There are a couple of things which might be happening to your files. The first would be the result of "shadowing", the term for the way in which Microsoft archives its files. When you save a file it could easily double in size OR SOMETIMES even be cut to half its size. This is not a predictable change; you can change your file just by repeated saves.
A file will stay between the high and low file size as it is archived (even if nothing else is changing in the file.
See the Microsoft Knowledge Base for further information.
Another explanation, but doesnt seem to be relevant to your case, which would account for a large change in file size, has to do with configurations. When a user uses many configurations in a session, SolidWorks may store multiple configuration bodies in the part file to increase performance when the file is used the next time it is brought up.

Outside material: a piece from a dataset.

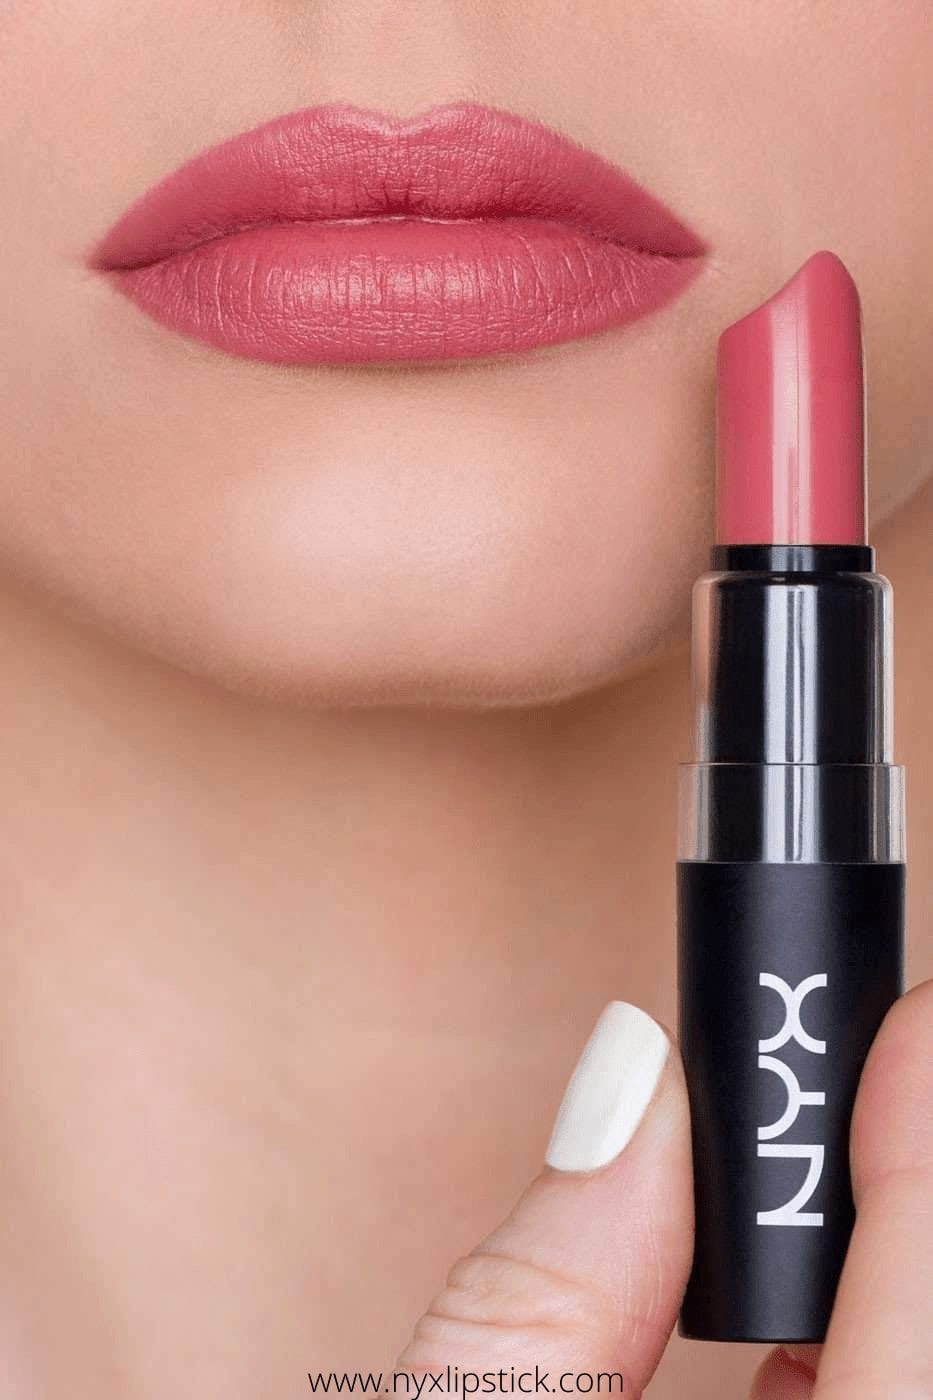 Nyx matte lipstick “Crave” Review & My Experience

Shadowing is inherent in the way that Microsoft provides a "transacted access" (and I'm still not sure what that term means yet) to the file. For example: When saving a document, the new data does not become available until the change is committed. This ensures that the file is always consistent; it helps with error recovery and ensures that data is not lost or trampled from the existing good file. In addition, it helps avoid data corruption in the event of the software terminating unexpectedly, since the file has not been fully "committed." Shadowing also helps eliminate arising from "out of disc space" (again the file has not been fully committed). Finally, its helps prevent file corruption problems caused by network file server crashes while saving.
There are other ways to guard against this, such as a temp file method of file storage (This is not to be the same as SolidWorks autobackup/autorecover).
Shadowing offers these advantages over temp file commitment.
Temporary files may not be able to be created, due to folder permissions (shadowing only requires write access to the file). Remember temp files get opened in the same directory as the source component.. and imagine opening a part from a read-only folder..
Temporary files can't be used to replace the original file if it is opened (read-only) by other users, regardless of whether the read-only file was opened before or after the full write permission copy is used.
Temporary files can sometimes be unstable when a file is saved with one name, then resaved with a separate file name, especially when disk space is low, or the OS is temporarily unstable.